High-throughput, SNP-based mapping of PTSs cloned from mouse hematopoietic tumors. PCR primer pairs were generated for 240 noninformative PTSs (12) and used to amplify 250- to 350-bp fragments from C57BL/6J and M. spretus genomic DNA (10). Proviral DNA is shown in red, and the locations of amplification primers in the flanking cellular DNA are shown by half-arrows. Amplification reaction mixtures contained 4 ng of mouse DNA, 1 μg of forward and reverse primers, 2 U of Platinum Taq polymerase (Gibco BRL), and the buffer supplied by the manufacturer. To improve the specificity of the PCR, we used a touchdown PCR program for the first 12 cycles. The annealing temperature was decreased by 1°C from 65 to 60°C after every two cycles. This was followed by 25 cycles of 94°C for 20 s, 56°C for 20 s, and 68°C for 1 min and a final extension of 68°C for 5 min on a GeneAmp PCR System 9700 (PE Applied Biosystems). The amplification products were then sequenced to identify SNPs or insertion-deletion polymorphisms. PCR products were pretreated to remove excess primers and deoxynucleoside triphosphates before they were sequenced. Each sample was incubated with 1 U of shrimp alkaline phosphatase (Amersham)/μl and 10 U of exonuclease (Amersham)/μl at 37°C for 5 min, followed by 72°C for 15 min to denature the enzyme. The amplification products were sequenced with the ABI PRISM BigDye Terminator Cycle Sequencing kit (PE Applied Biosystems) with the forward primer. Sequence files were analyzed with PolyPhred (Washington University) for simple SNPs or with MultiALN for polymorphisms involving insertions and deletions. Polymorphic primer pairs were then used to amplify 93 DNAs from the Frederick IBMP along with C57BL/6J and M. spretus control DNA. The 205 Frederick IBMP progeny were generated by mating (C57BL/6J × M. spretus)F1 females and C57BL/6J males as previously described (4). By monitoring the inheritance of these polymorphisms in the backcross DNAs, it was possible to accurately position each PTS on the Frederick IBMP.

TABLE 1.

SNP frequency in C57BL/6J (BL/6) and M. spretus DNAs

Primer pair analysis
    Total PTS primer pairs 240
    PCR products
        Producing both types 185
        BL/6 only 19
        M. spretus only 5
        None 31
Sequence analysis
    Total bases sequenced 35,960
    Point mutations
        No. 311
        Frequency 1/116
    Insertions-deletions
        No. 46
        Frequency 1/782
    Frequency of all polymorphisms 1/101
Polymorphic primer pairs 148
Nonpolymorphic primer pairs 37

Among the 145 polymorphic amplification products, 131 could be mapped on the Frederick IBMP (Table 2). The other 14 primer pairs preferentially amplified the C57BL/6J allele, apparently due to primer competition (data not shown).
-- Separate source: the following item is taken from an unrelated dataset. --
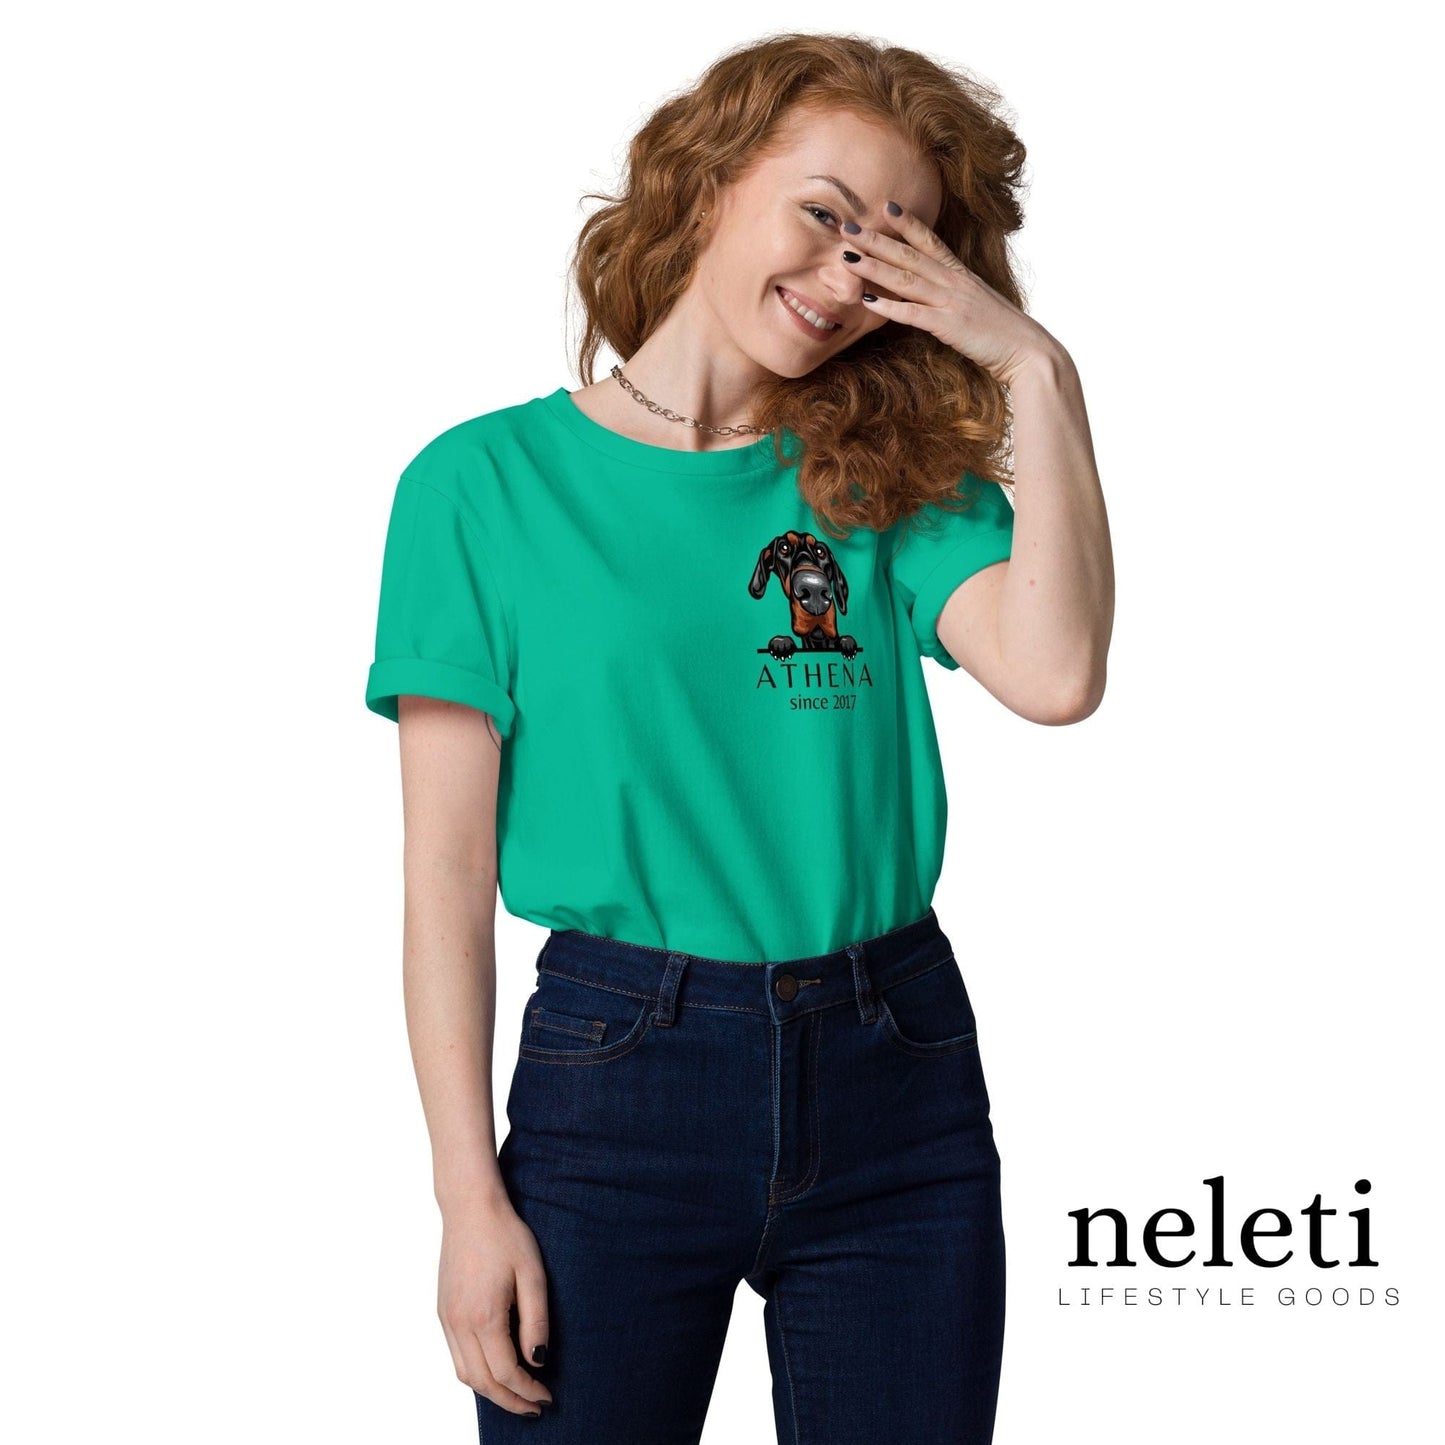 neleti.com-custom-go-green-shirt-for-dog-mom

C57BL/6J and the leukemic strains BXH2 and AKXD are highly related to one another but only distantly related to M. spretus (1). Therefore, primer pairs generated from BXH2 and AKXD genomic sequence will often have mismatches with respect to M. spretus, but not C57BL/6J, genomic DNA (Table 1). These mismatches are not a problem when C57BL/6J DNA is amplified but become a problem when backcross DNA carrying both C57BL/6J and M. spretus alleles is amplified. Interestingly, 22 of the 131 PTSs mapped to known common sites that had already been localized on the panel (Table 2). Another 18 PTSs appeared to be located at novel CISs, defined as two or more noninformative PTSs that mapped together on the panel but which did not cosegregate with a known CIS or, more frequently, a noninformative PTS that cosegregated with a PTS that had already been mapped on the panel in previous experiments by Southern analysis but which had not yet been localized to a CIS (Table 2).

TABLE 2.

CISs defined by genetic and physical mapping

Total PTSs mapped 131
Total mapped to CISs 40
    Mapped to known CISs 22
    Mapped to new CISs 18
Total confirmed by BAC analysis 22
    Mapped to known CISs 9 (5)a
    Mapped to new CISs 13 (8)a
a

Numbers in parentheses are the numbers of CISs to which the PTSs confirmed by BAC analysis localized.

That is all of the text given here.